• **EXERCISE DIRECTIONS**: Exactly as written, return all the data, leaving its pictures behind.

• **COLLECTED MATERIAL**:
[Start of Attachment]

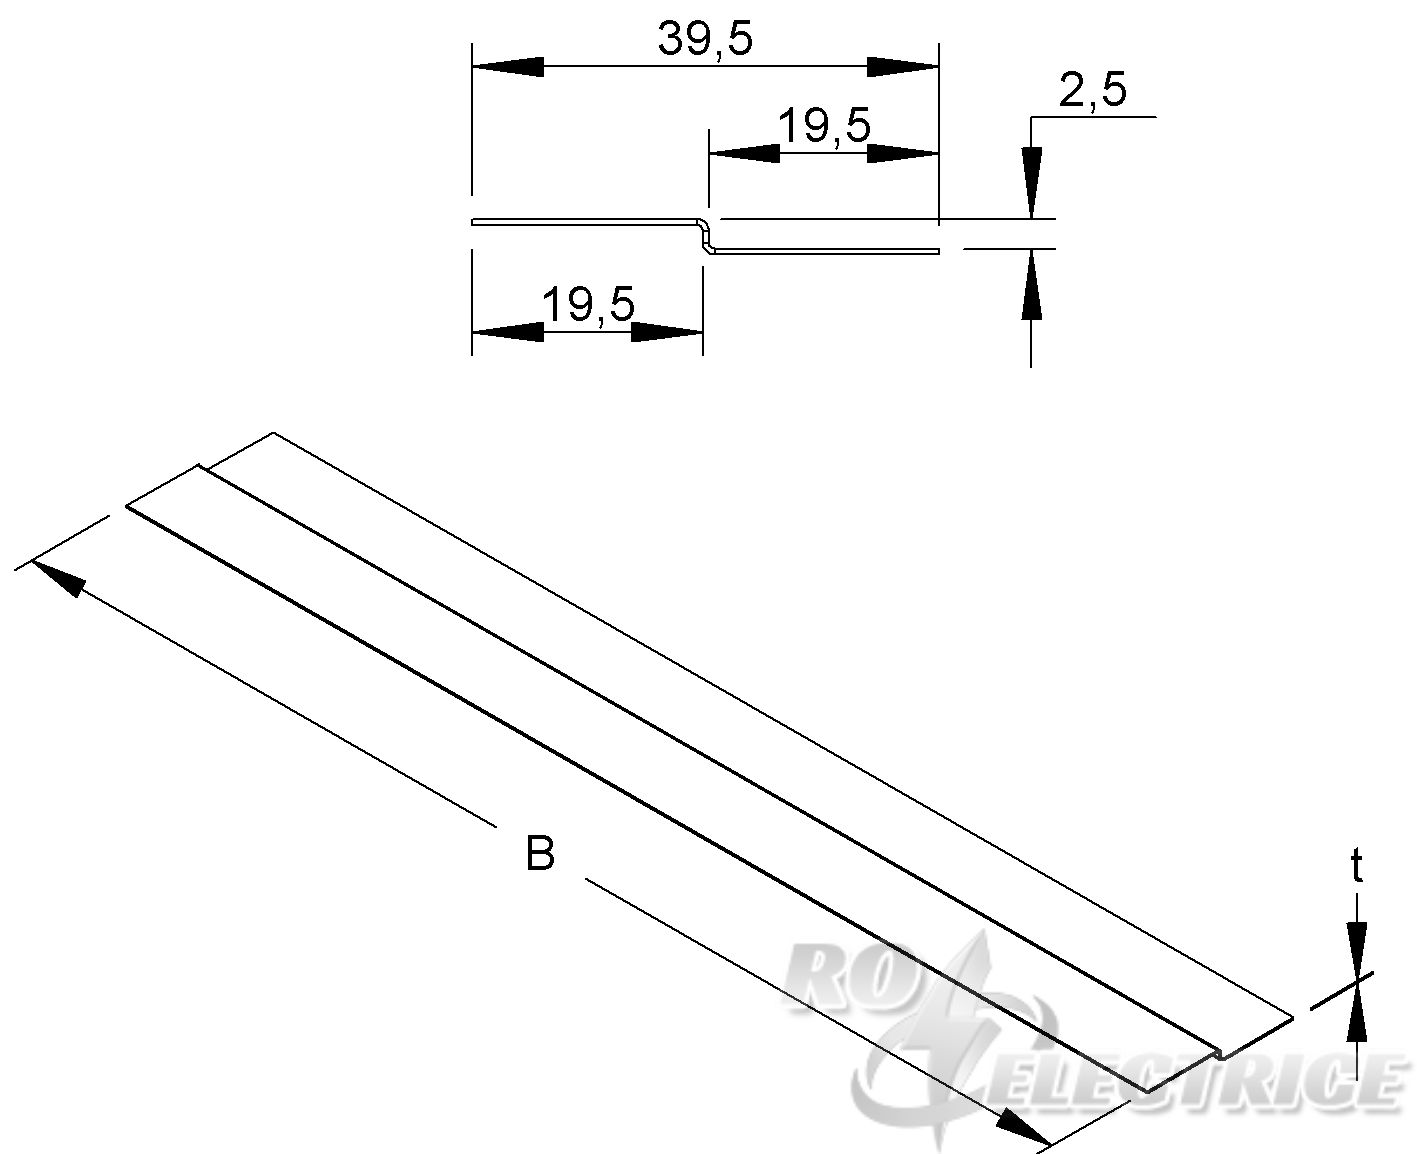 Deckelstoßleiste, Z-Form 40X175 mm, t=0,5 mm, Stahl, bandverzinkt DIN EN 10346
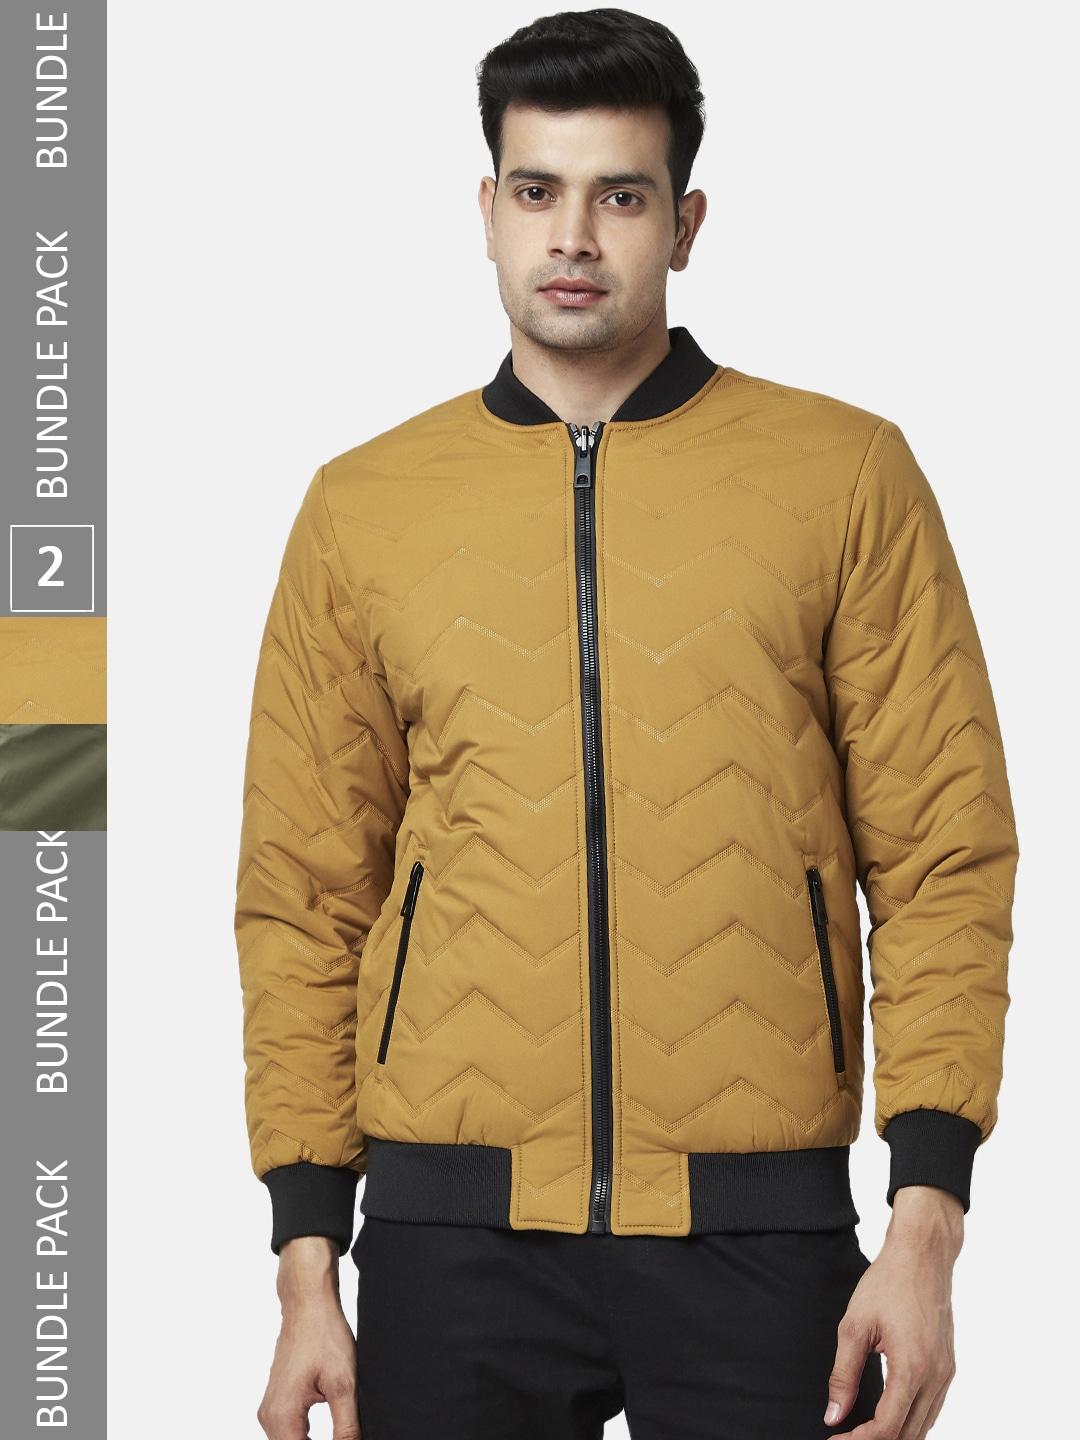 urban-ranger-by-pantaloons-men-mustard-reversible-bomber-jacket
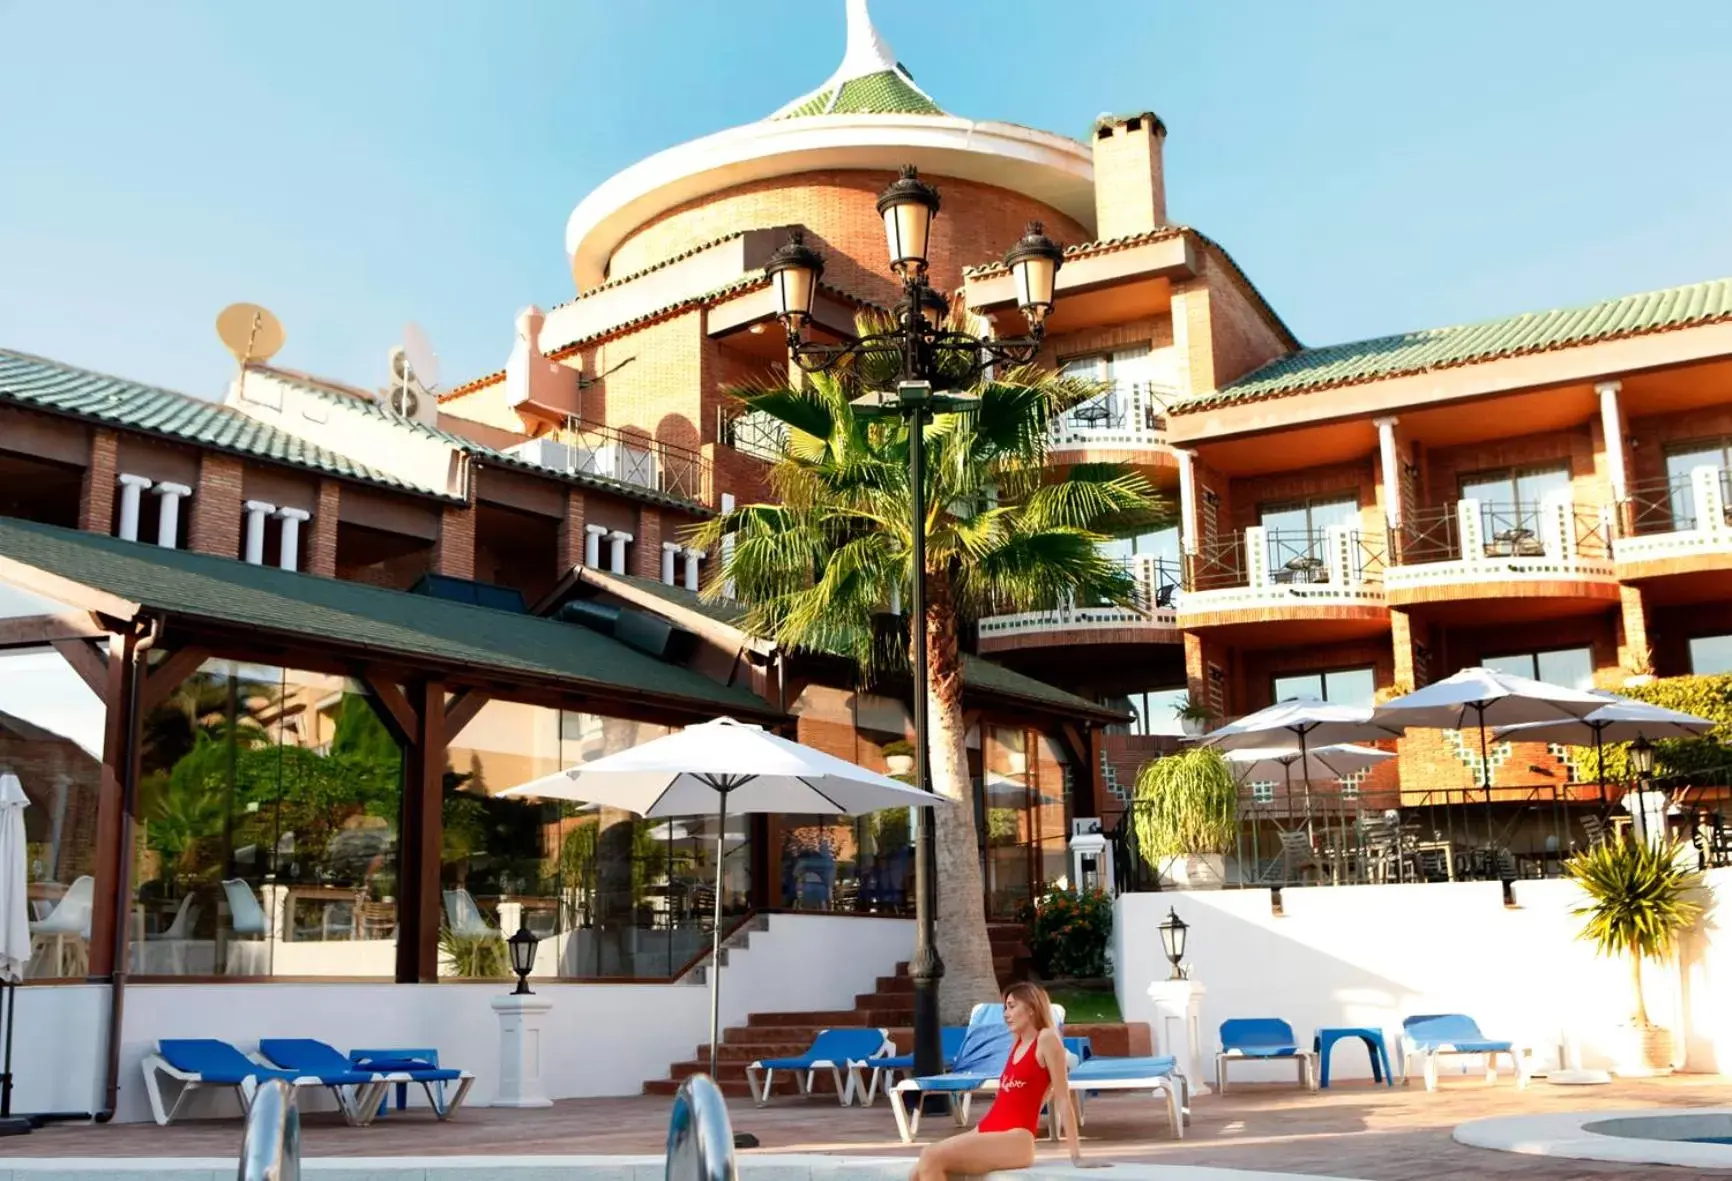 Swimming pool, Property Building in Hotel Boutique Calas de Alicante

[End of Attachment]

• **RESPONSE TO THIS EXERCISE**:
 Deckelstoßleiste, Z-Form 40X175 mm, t=0,5 mm, Stahl, bandverzinkt DIN EN 10346
 urban-ranger-by-pantaloons-men-mustard-reversible-bomber-jacket
 Swimming pool, Property Building in Hotel Boutique Calas de Alicante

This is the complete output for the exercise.